MHSB agrees to the suggested price for the first year but intends to raise it by RM20 each year. MHSB also believes that fixed costs for the project will be RM425,000 per year, and variable costs are 15 percent of sales for the first two years. Due to inflation MHSB expects that the variable cost per unit will increase to RM120 and RM123 for the third and fourth year, respectively.

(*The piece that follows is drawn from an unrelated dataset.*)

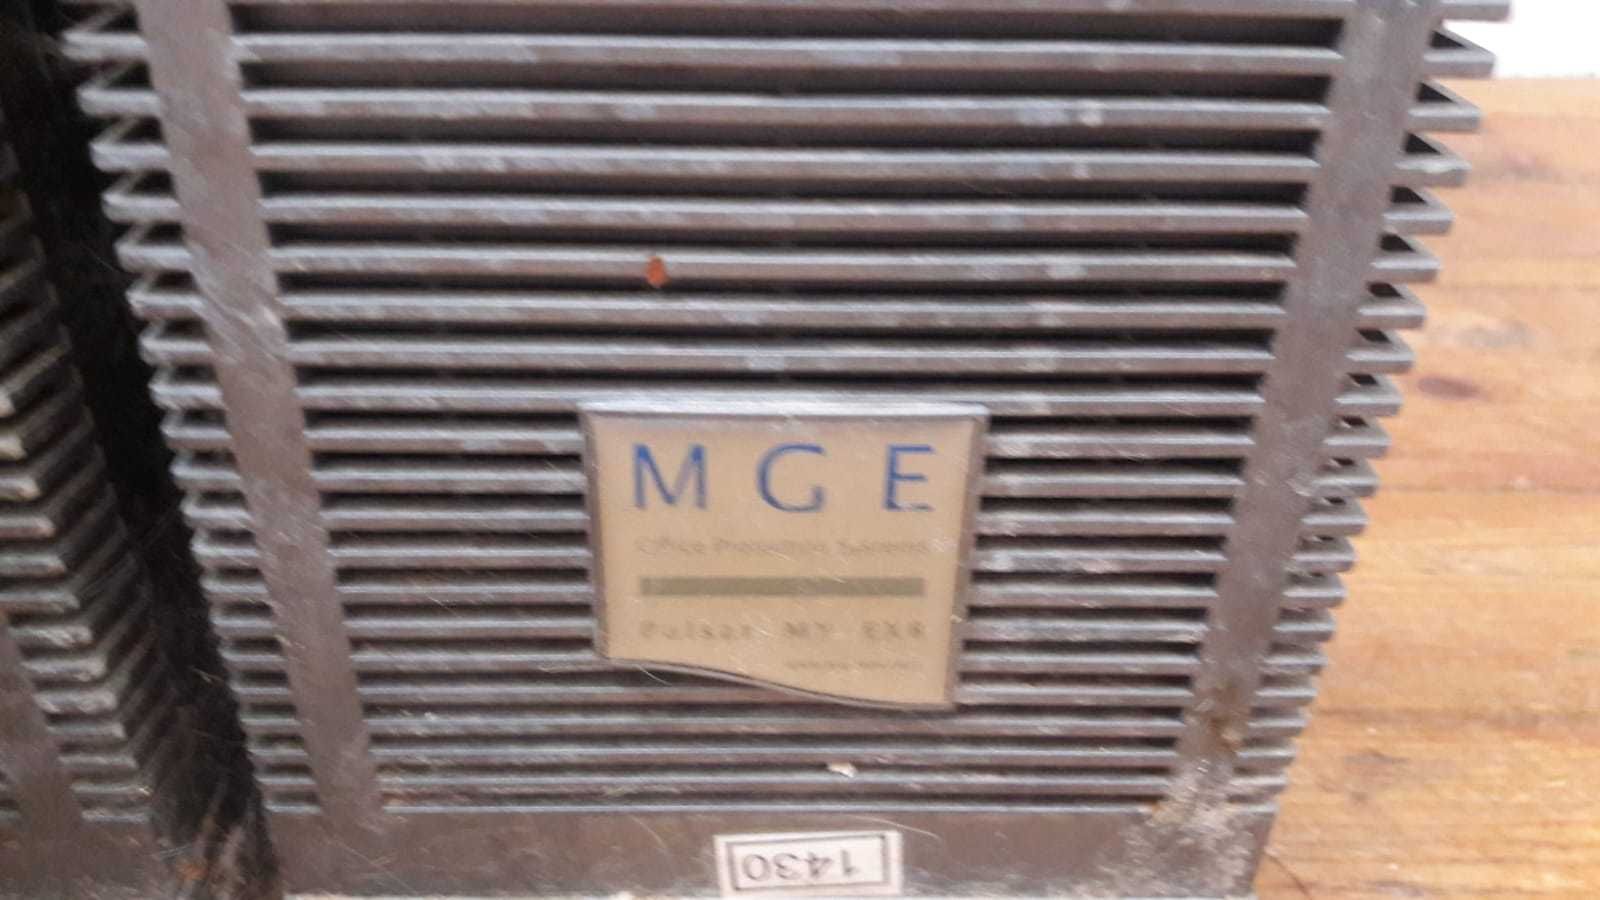 Блок питания MGE UPS Systems 5000 RT

The equipment necessary for production will cost RM4.2 million and will be depreciated using the straight-line method down to zero by the end of the project period. However, MHSB estimates that the equipment will have a scrap value of RM250,000 at the end of the fourth year. Net working capital of RM125,000 will be required immediately, and thereafter, the working capital requirements will be at 5 percent of sales. MHSB has a 25 percent tax rate, and the required return on the project is 13 percent.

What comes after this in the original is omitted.